**AIM OF THE TASK:** The answer must reproduce exactly the lines from the one with "Đoàn thanh niên" through the end of the material, and it must contain no pictures.

**PROVIDED DATA:**
/---
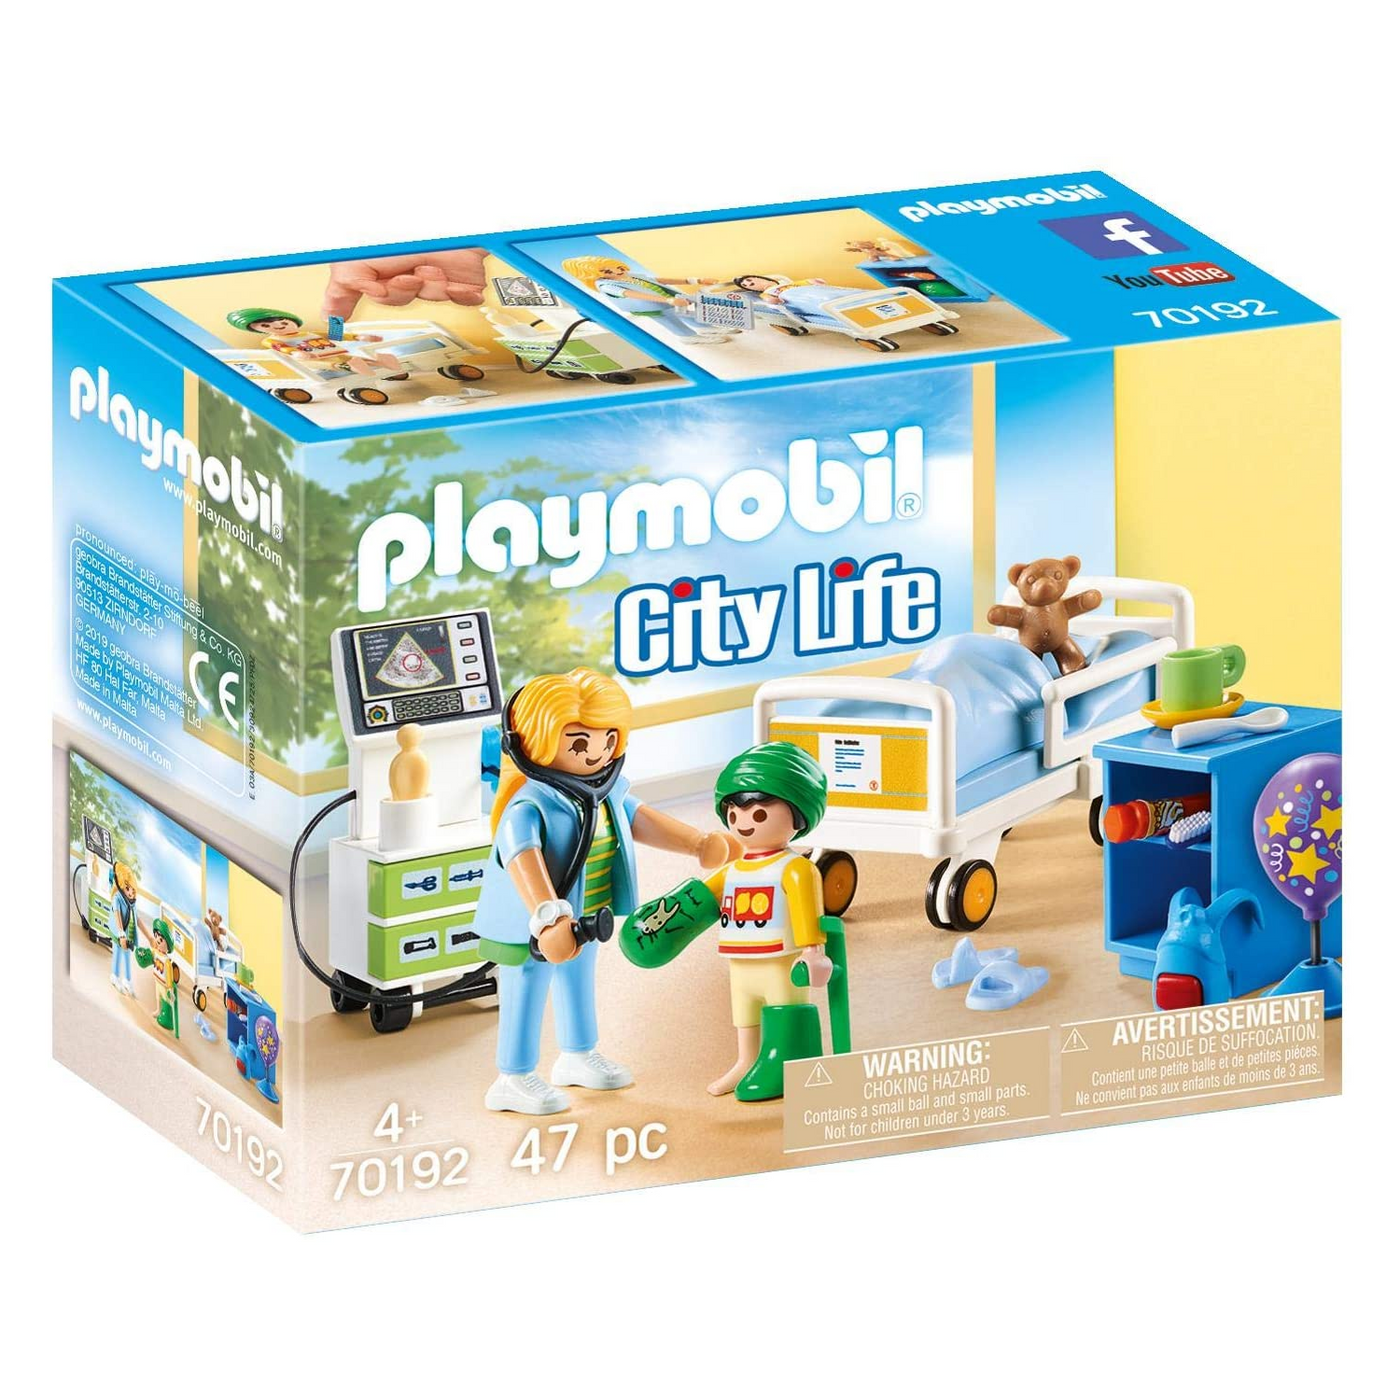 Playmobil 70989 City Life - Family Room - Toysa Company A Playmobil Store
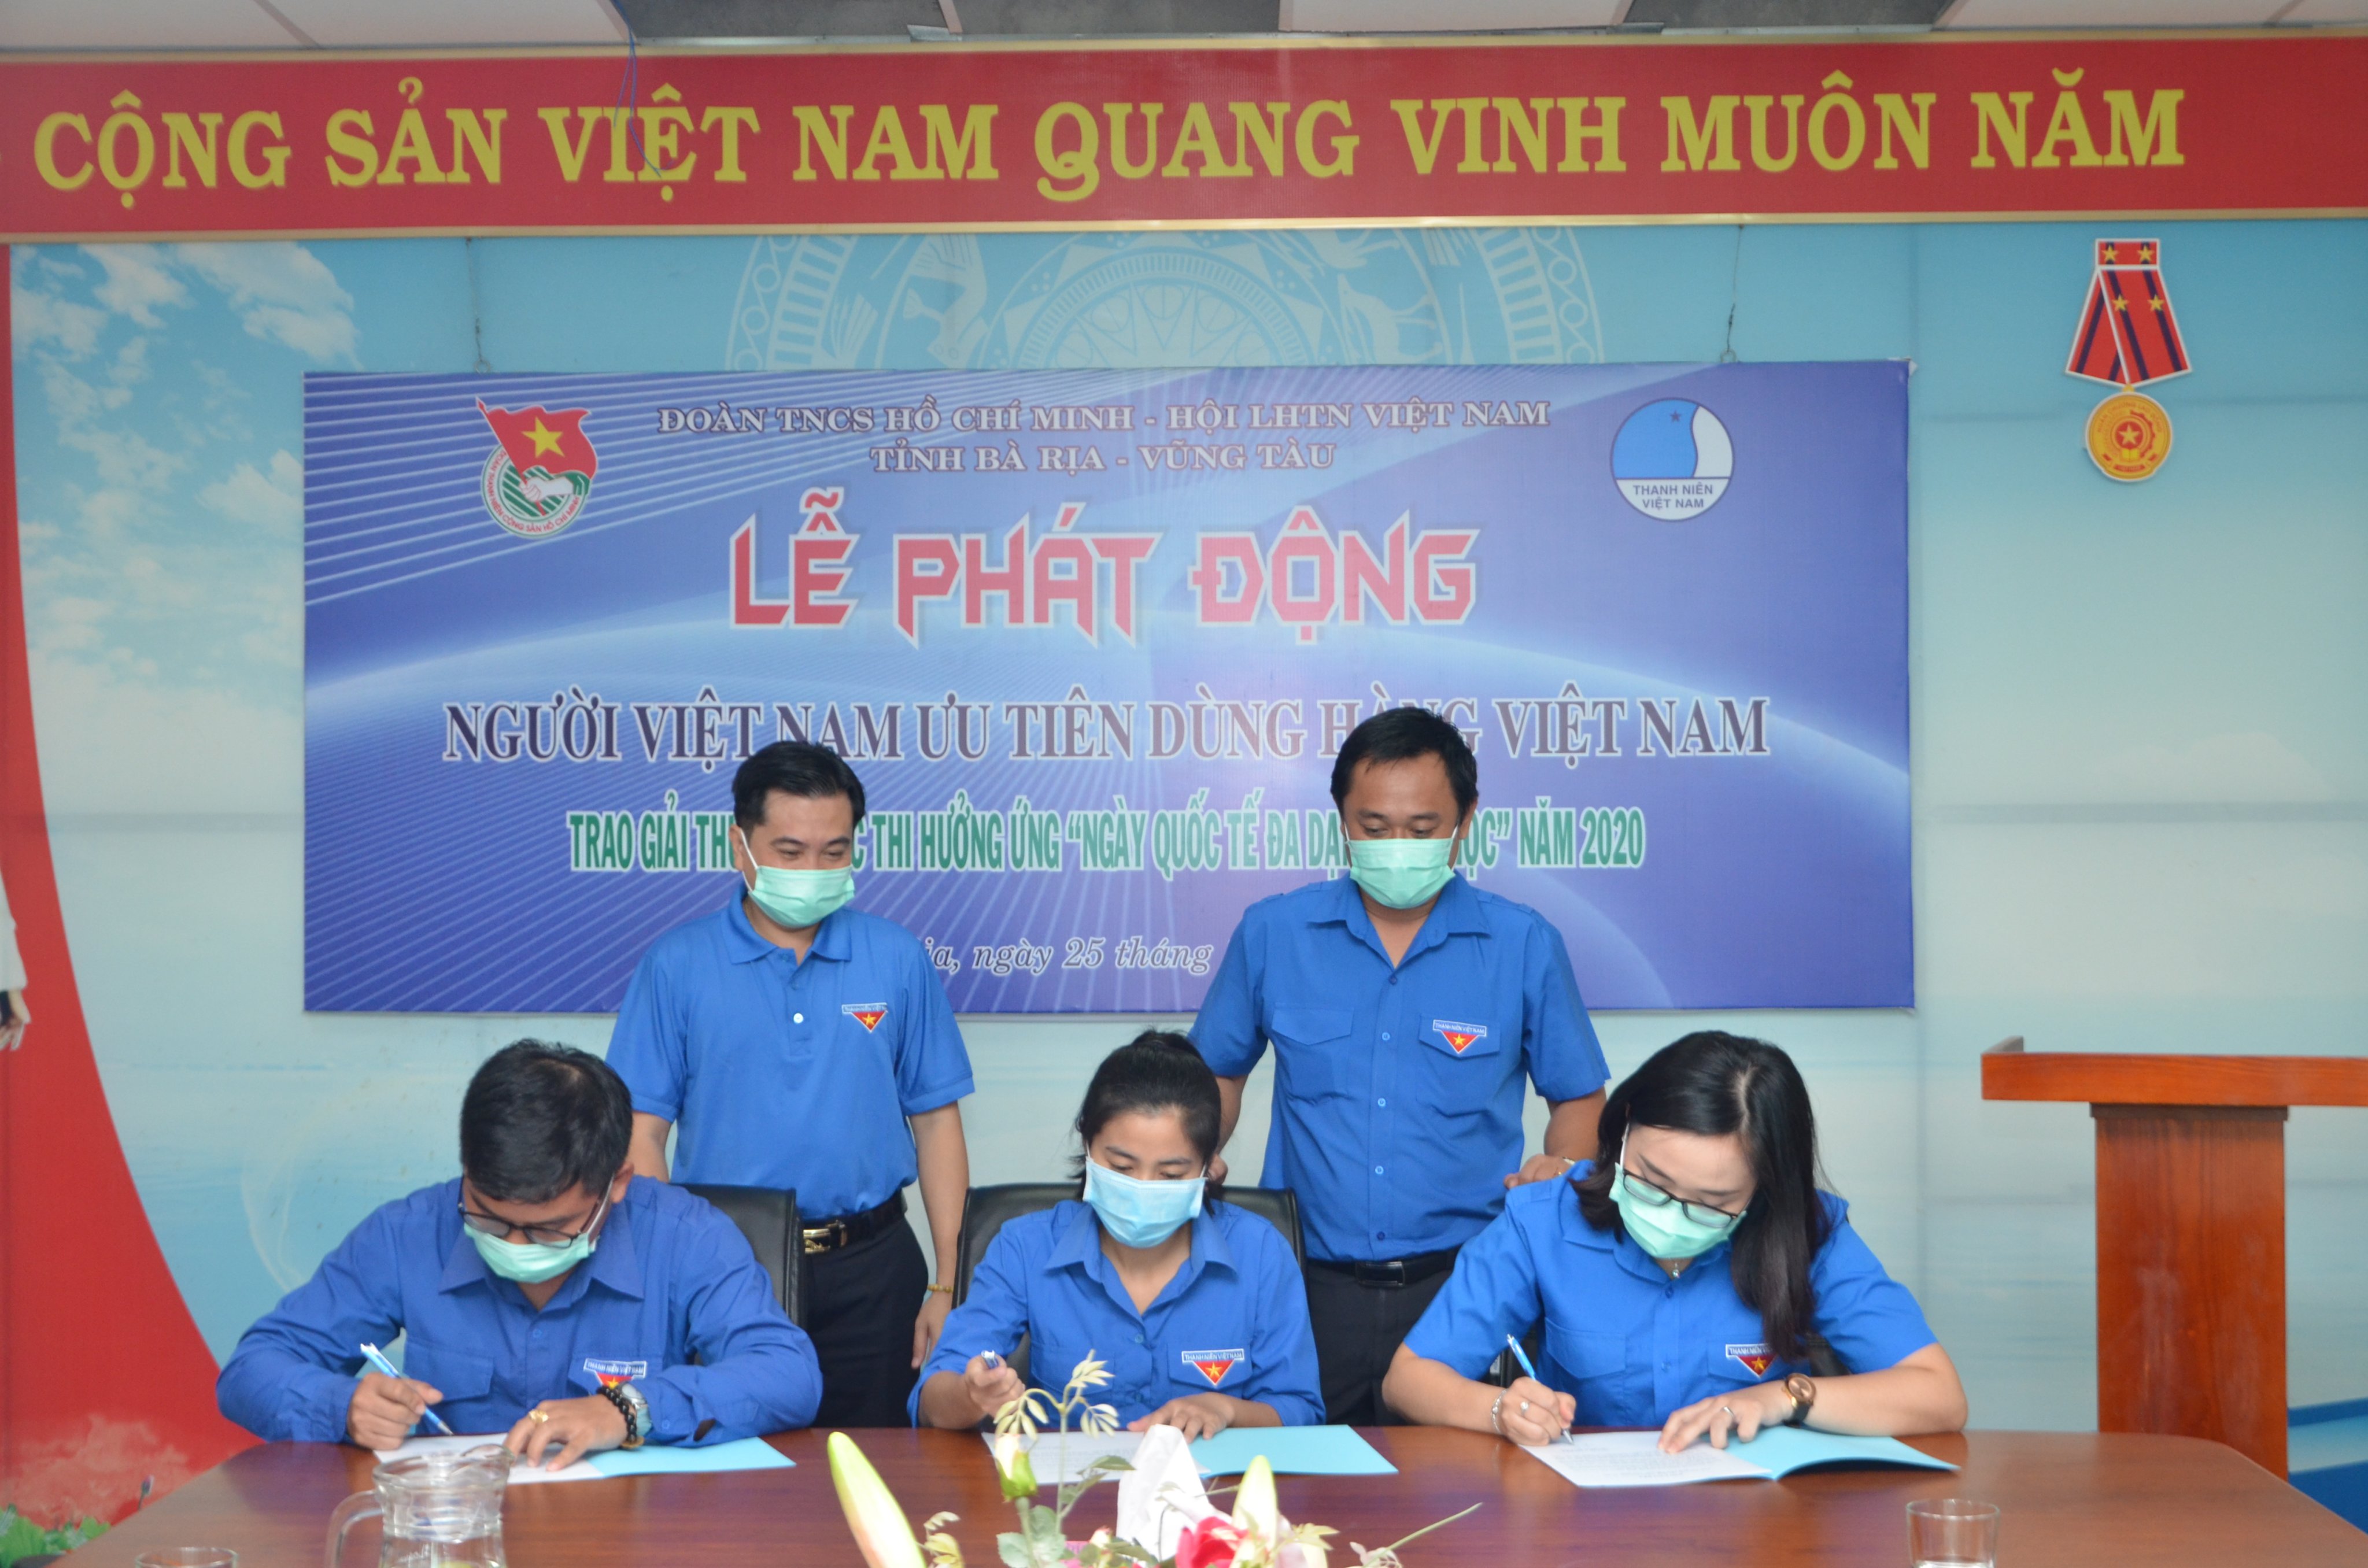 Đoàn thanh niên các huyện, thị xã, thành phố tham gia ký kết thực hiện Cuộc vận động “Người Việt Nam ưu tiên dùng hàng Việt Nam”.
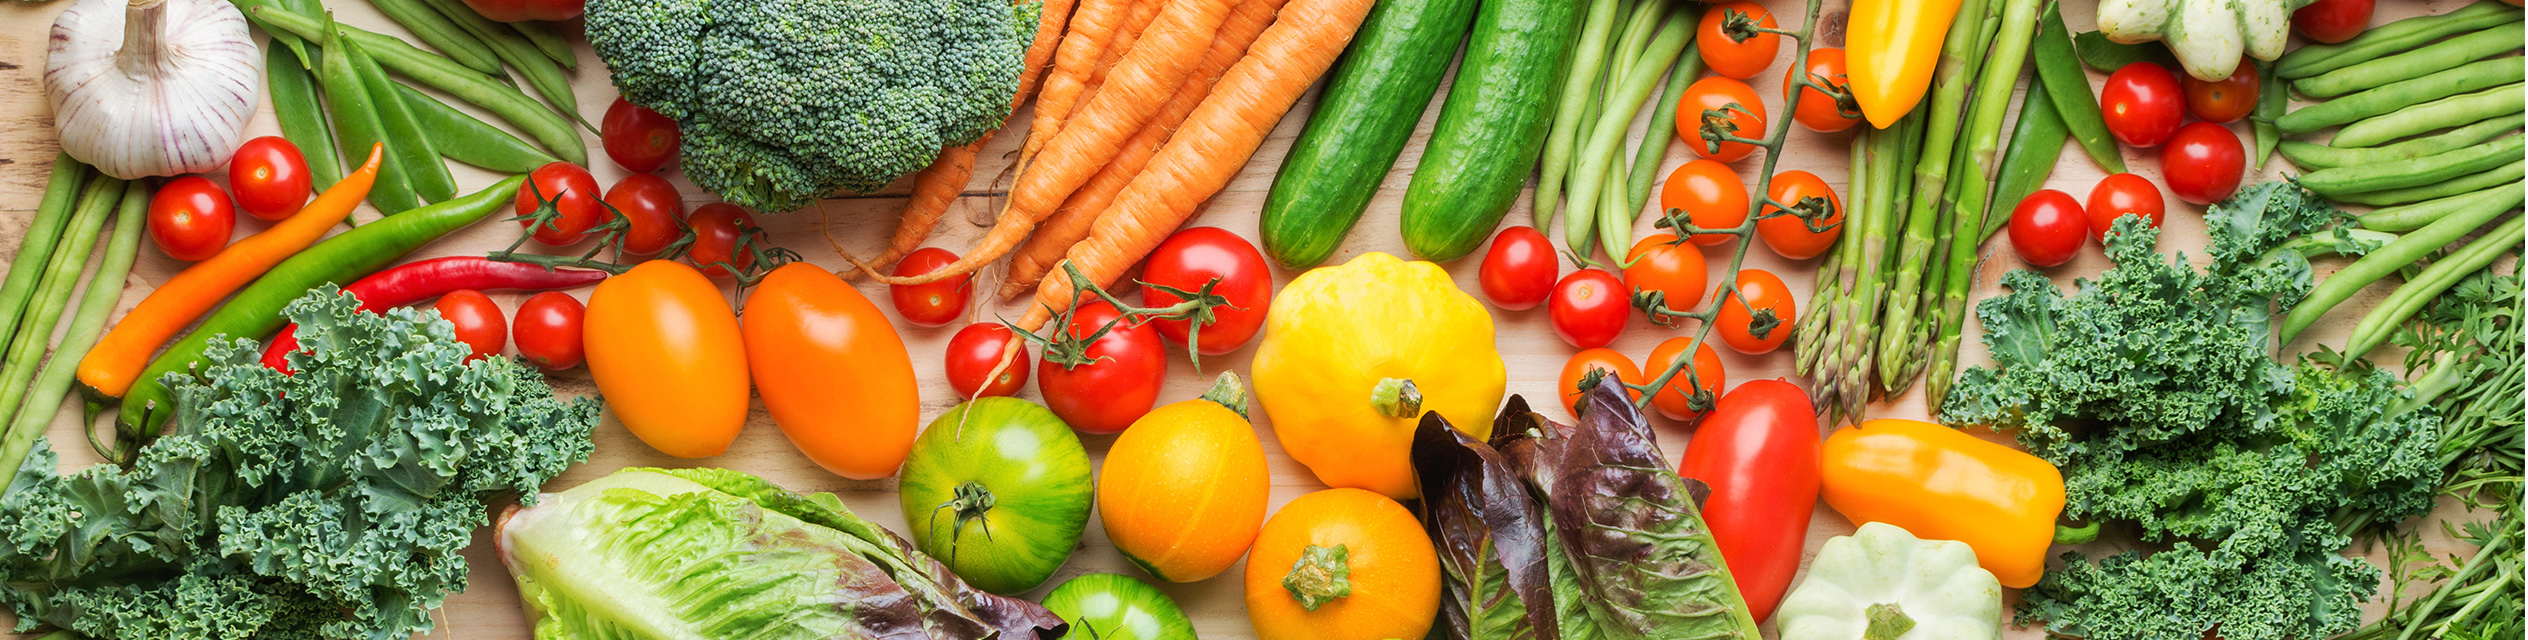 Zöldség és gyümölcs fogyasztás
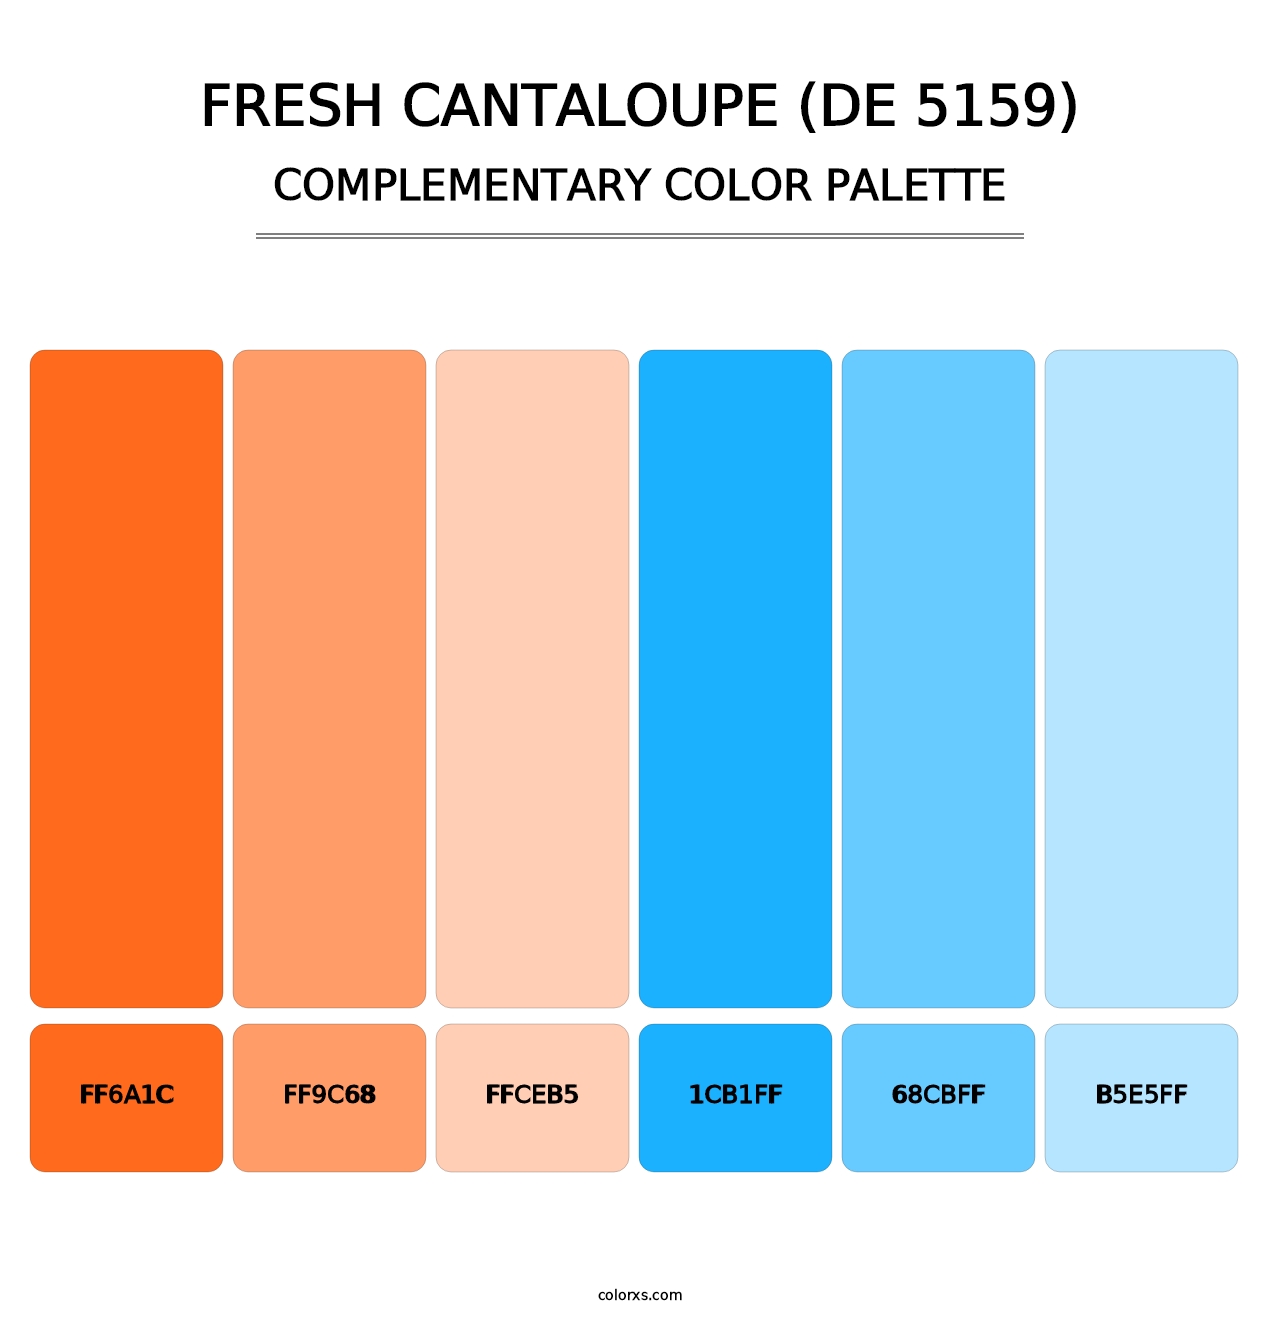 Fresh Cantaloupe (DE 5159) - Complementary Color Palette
\---
**PROBLEM SOLUTION:**
 Đoàn thanh niên các huyện, thị xã, thành phố tham gia ký kết thực hiện Cuộc vận động “Người Việt Nam ưu tiên dùng hàng Việt Nam”.
 Zöldség és gyümölcs fogyasztás
 Fresh Cantaloupe (DE 5159) - Complementary Color Palette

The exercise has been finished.